AI: The Future of Learning?

The pros and cons of artificial intelligence in education
An LHS student using artificial intelligence to generate a response.
An LHS student using artificial intelligence to generate a response.

With the rise of AI models such as ChatGPT and OpenAI, educators are taking notice. These programs have their pros and cons and the general view on AI in education is mixed. Some LHS teachers find AI to be a great tool that makes it easier to teach, while others claim it is unreliable and promotes plagiarism. 

Language Arts teacher Kelli Marvin.

LHS English teacher Kelli Marvin believes that AI is a great tool to assist students. 

“AI can positively affect student learning if used correctly. For example, AI is great at creating ideas- for a research paper, or a project.  AI is also great at giving a barebones answer that students would then have to flesh out. For example, an essay question,” said Marvin.

Marvin believes that although AI can be beneficial in an educational setting, students should  use it as a tool to assist them, not just provide a free answer.

“A student could ask AI for help, but then the student needs to read the answer, something they rarely do, put the answer in their own words, add evidence from the text,  and add commentary about the text including things that you’ve learned from your teacher. AI won’t do all of that. AI is a springboard and we have to use it that way in education,” she said.

Like Marvin, English teacher Laura Specht agrees that AI can be a benefit for both teachers and students if used ethically.
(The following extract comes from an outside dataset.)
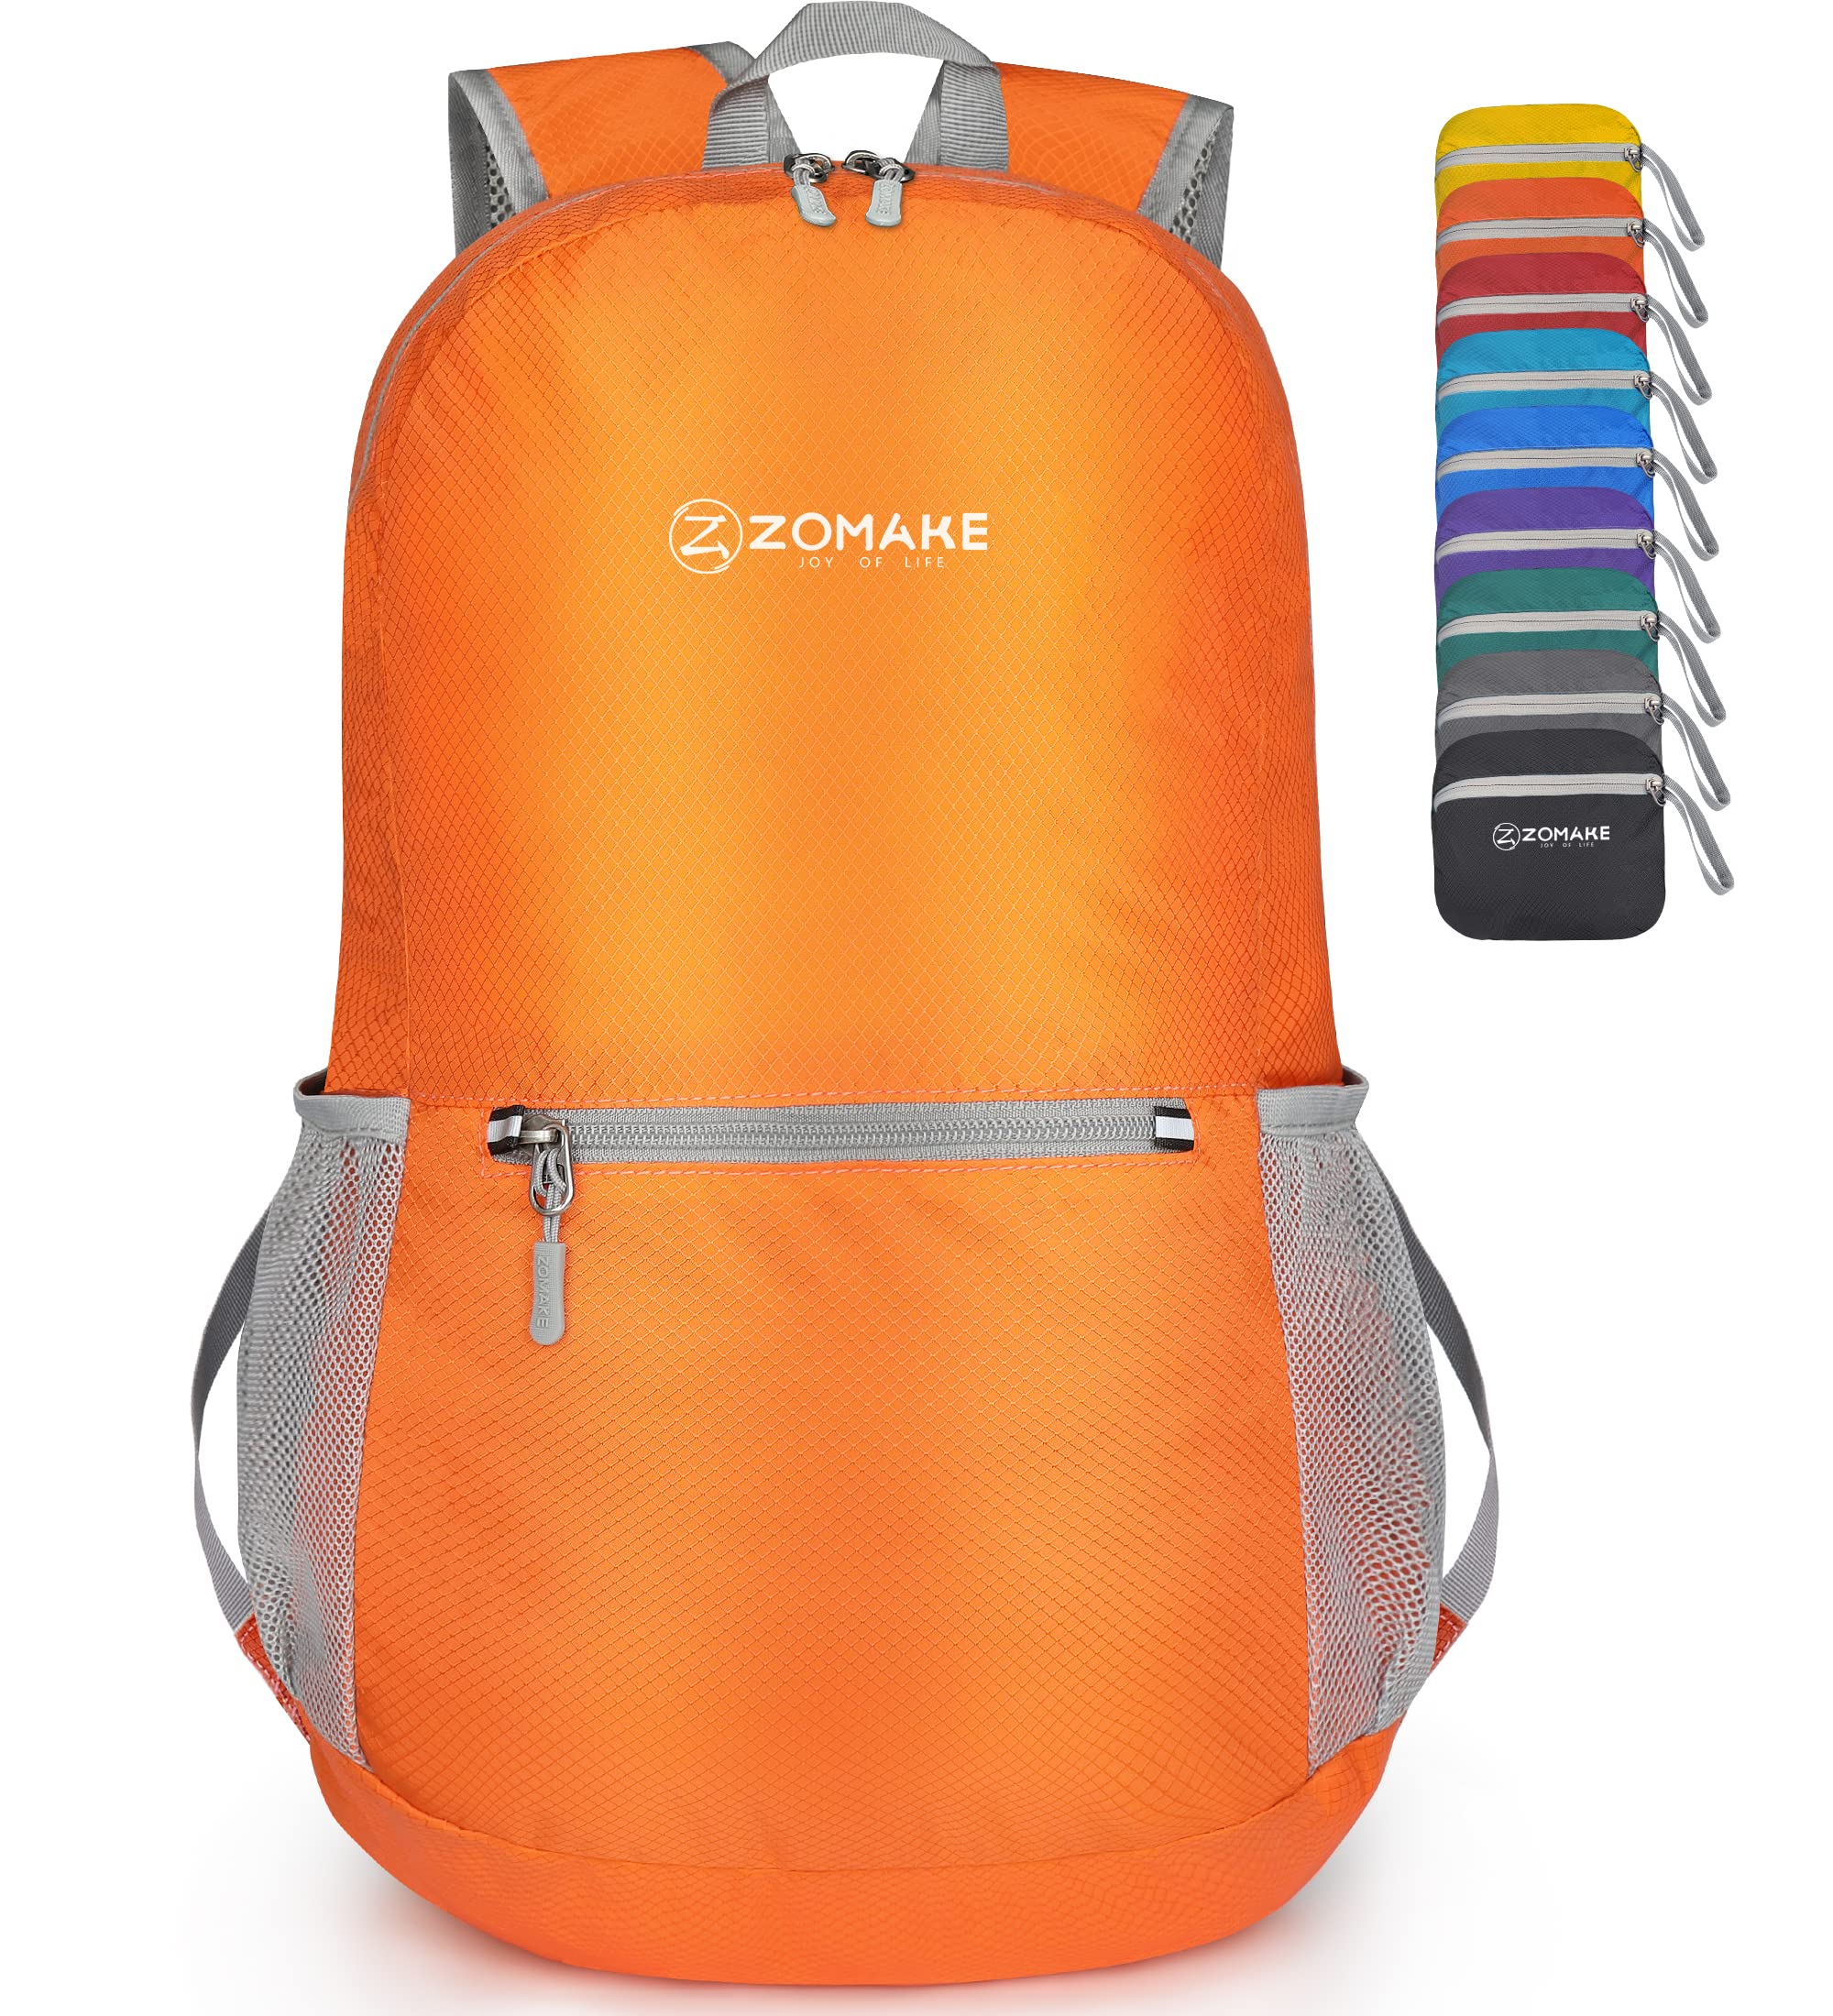 ZOMAKE Ultra Lightweight Hiking Backpack 20L - Water Resistant Small Backpack Packable Daypack for Women Men(Orange)

“AI is positively impacting student learning, depending on how it is being used in the classroom.  I think it can be a great tool to help students come up with creative ideas for projects or to help them decipher more complex texts, like Shakespeare.  Additionally, it can help teachers with lesson ideas and grading, which allows them to have more time to work with students one-on-one,” said Spect.

Math teacher Clay Hartzler.

LHS math teacher Clay Hartzler, who is currently studying at Bowling Green for a  Masters degree in administration, said that AI can help students organize their thoughts such as in a first draft of an assignment.

“Setting up outlines for things can be really helpful for essays and papers. I’ve done it as a teacher to create questions and if I can do that, a student can do that and they can come up with their own set of practice problems before a test. So all kinds of different ways to help somebody out,” he said. 

Another way that AI can help students is that it can check grammar use. Mavin explained that she introduced this strategy to one of her students who struggled with writing.

“I introduced him to Wordtune, an AI program, and his work has improved greatly. He copies his words into Wordtune and it spits the words out with correct grammar and spelling.  But this student wants to learn and reads what Wordtune spits out for him. It’s just an aid for him since he struggles with spelling and grammar,” she said.

Language Arts teacher Laura Specht.

However, the expanding technology of AI also presents problems. People sometimes use AI unethically. 

“Some students use AI as a way to cheat, unfortunately.  Rather than write an essay themselves, students can have ChatGpt write it for them.  Additionally, some programs can solve math problems for students simply by uploading a picture rather than working through the problem,” said Specht.

AI responses often use higher levels of vocabulary, not typically used by high school students which is a red flag to a teacher.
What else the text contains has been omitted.